Without including any images, please transcribe all the lines below exactly.

**Input data**.

[Start of Attachment]

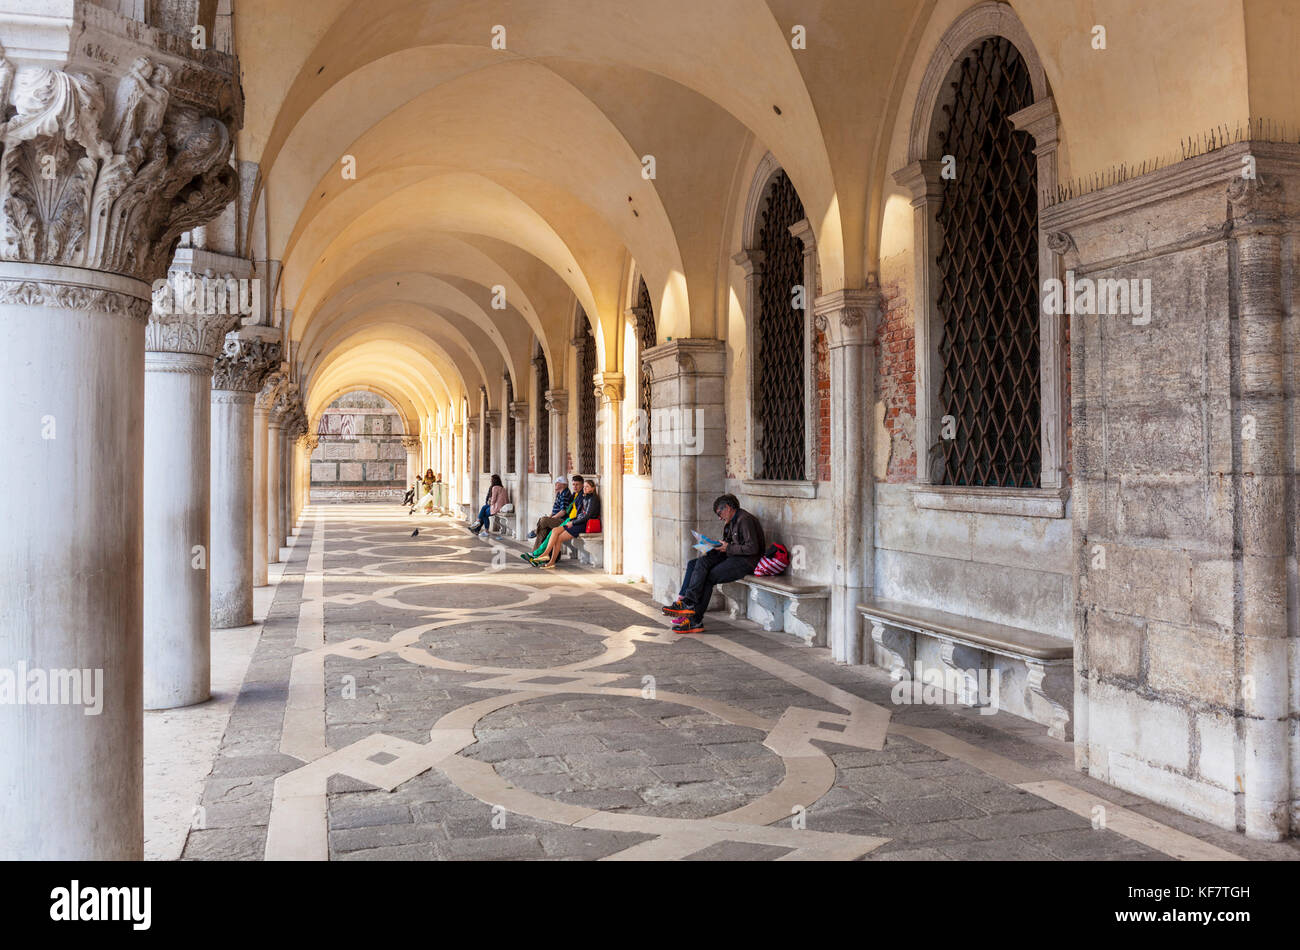 Venise ITALIE VENISE Les gens assis sous les arches dans l'arche portique du Palais des Doges (Palazzo Ducale) Place Saint Marc Venise Italie Europe de l'UE Banque D'Images
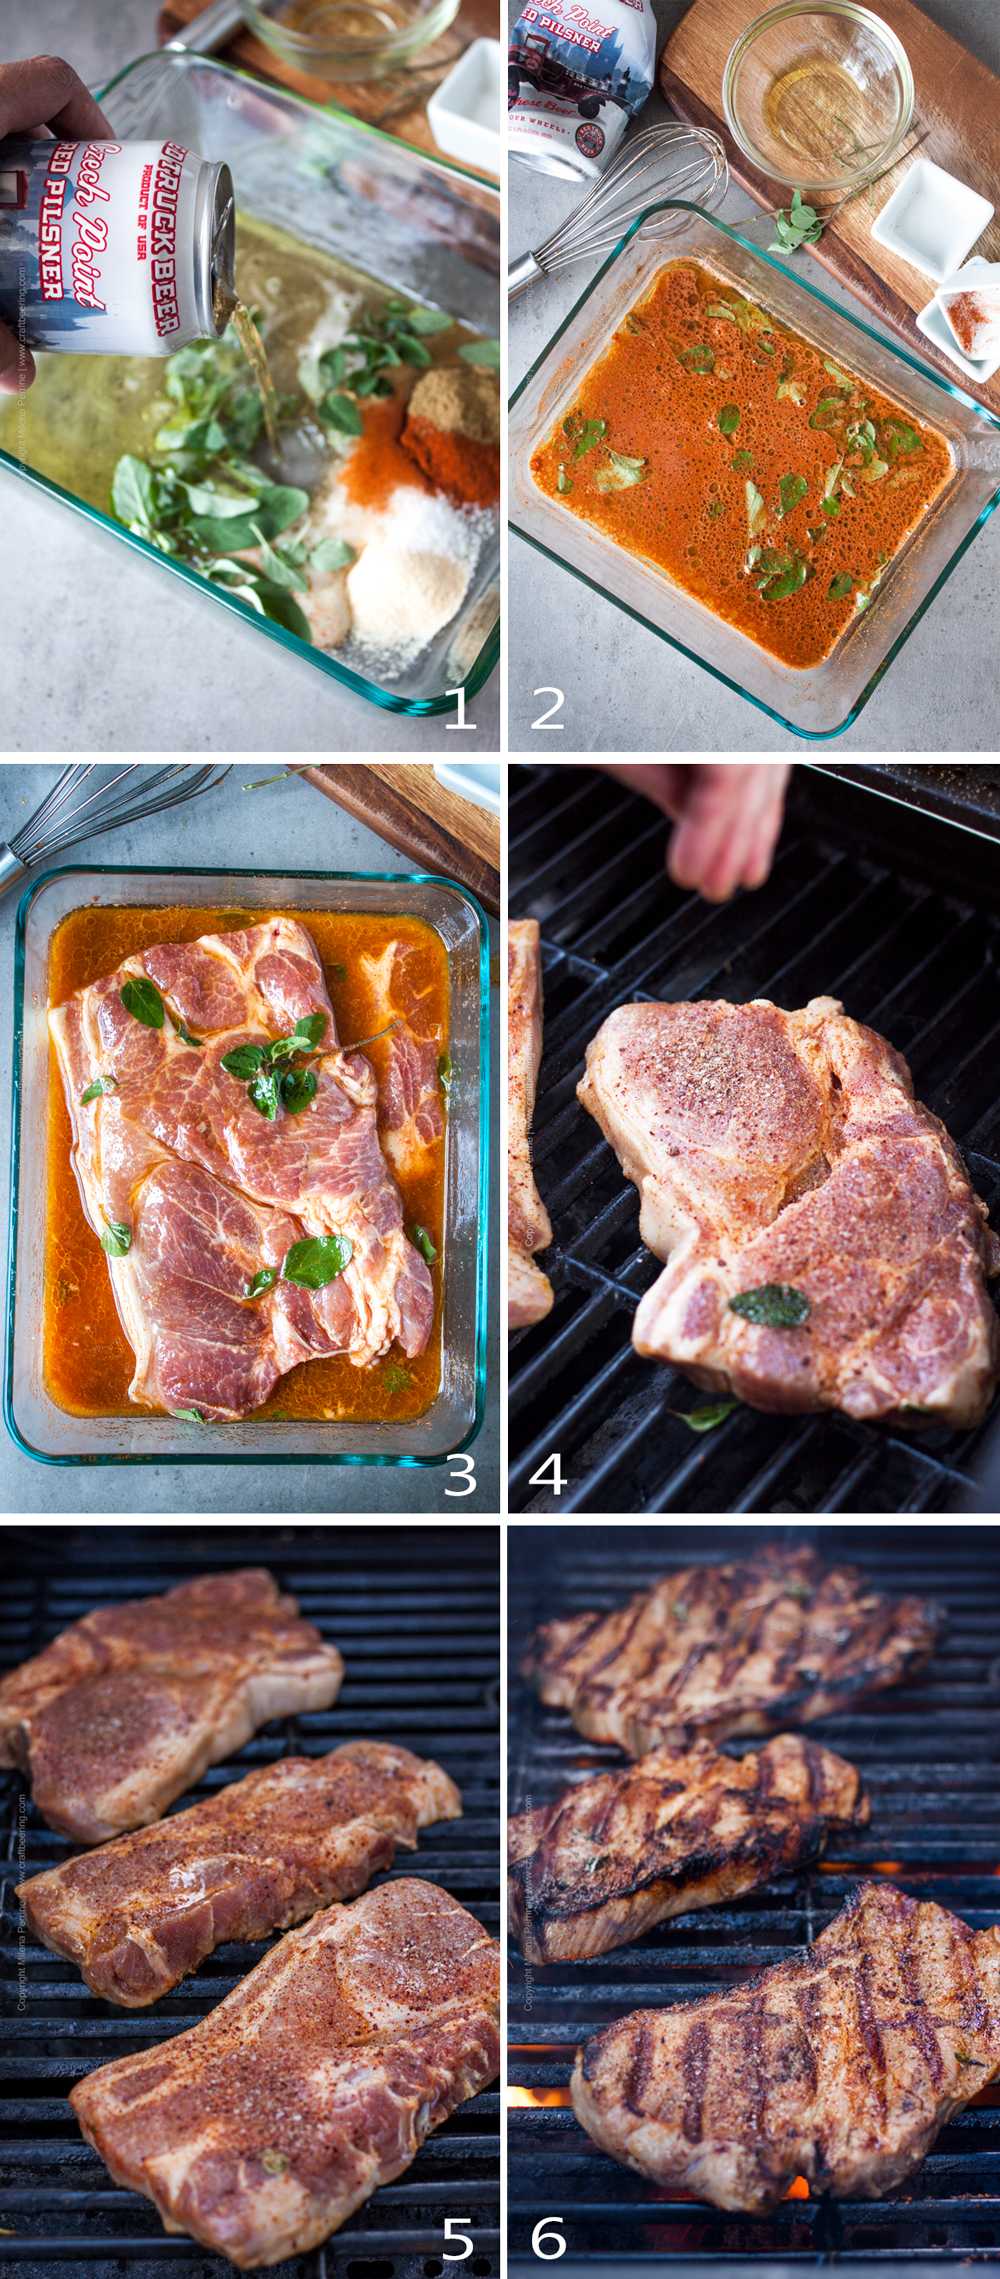 Jak przyrządzić stek z łopatki wieprzowej na grillu - zdjęcia technologiczne.
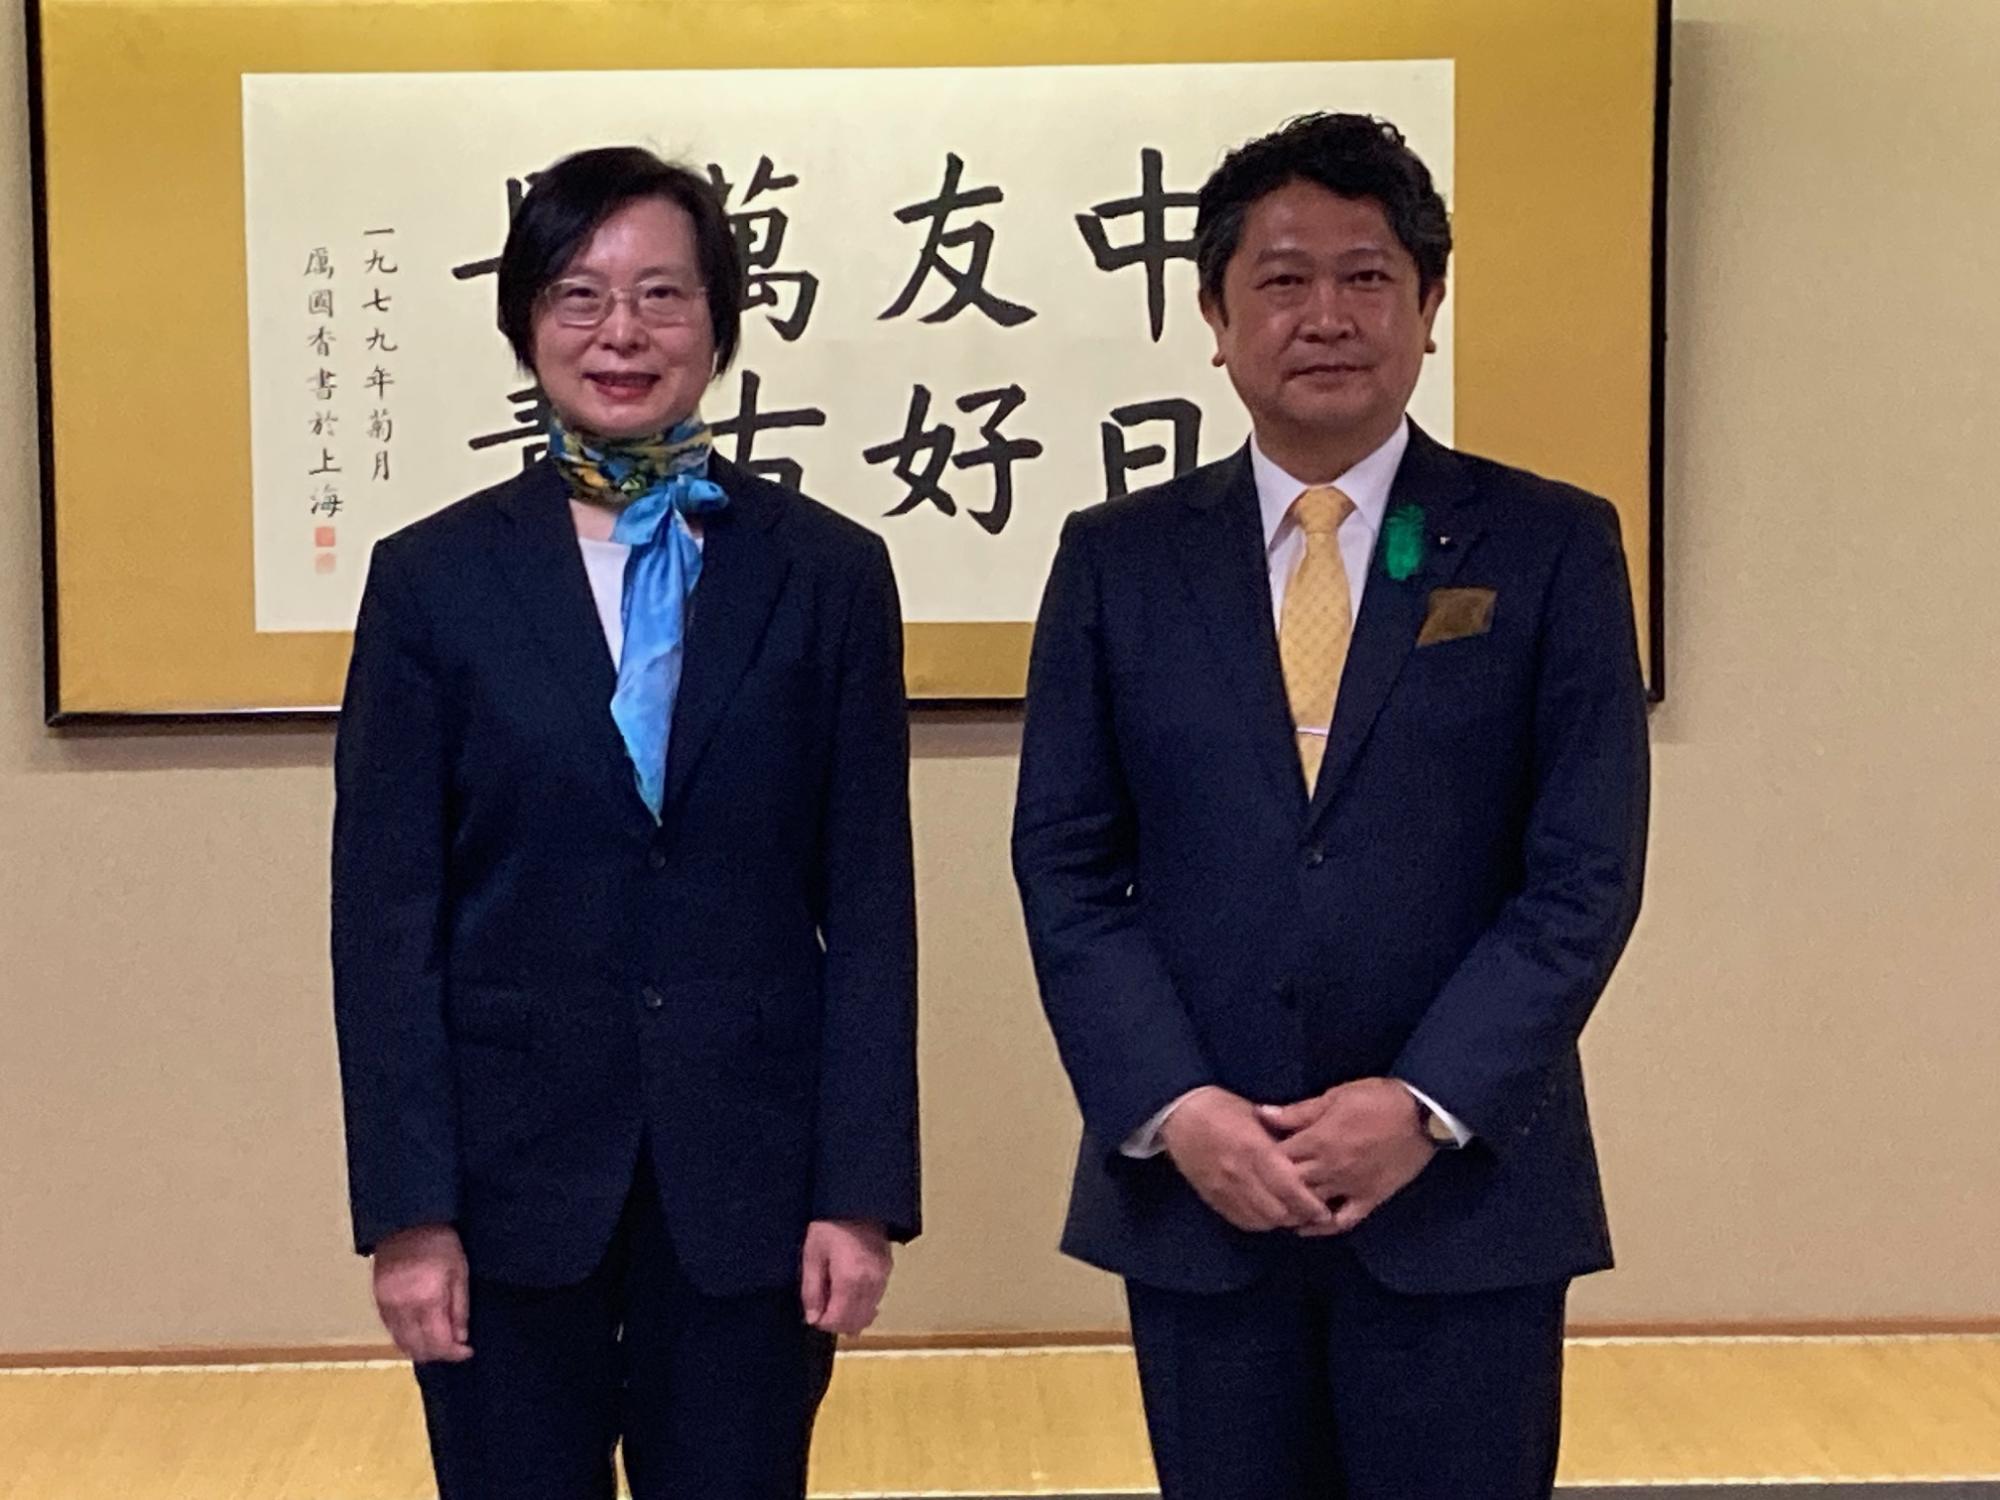 中華人民共和国駐名古屋総領事と市長の写真

[End of Attachment]

**Answer space**.
 Venise ITALIE VENISE Les gens assis sous les arches dans l'arche portique du Palais des Doges (Palazzo Ducale) Place Saint Marc Venise Italie Europe de l'UE Banque D'Images
 Jak przyrządzić stek z łopatki wieprzowej na grillu - zdjęcia technologiczne.
 中華人民共和国駐名古屋総領事と市長の写真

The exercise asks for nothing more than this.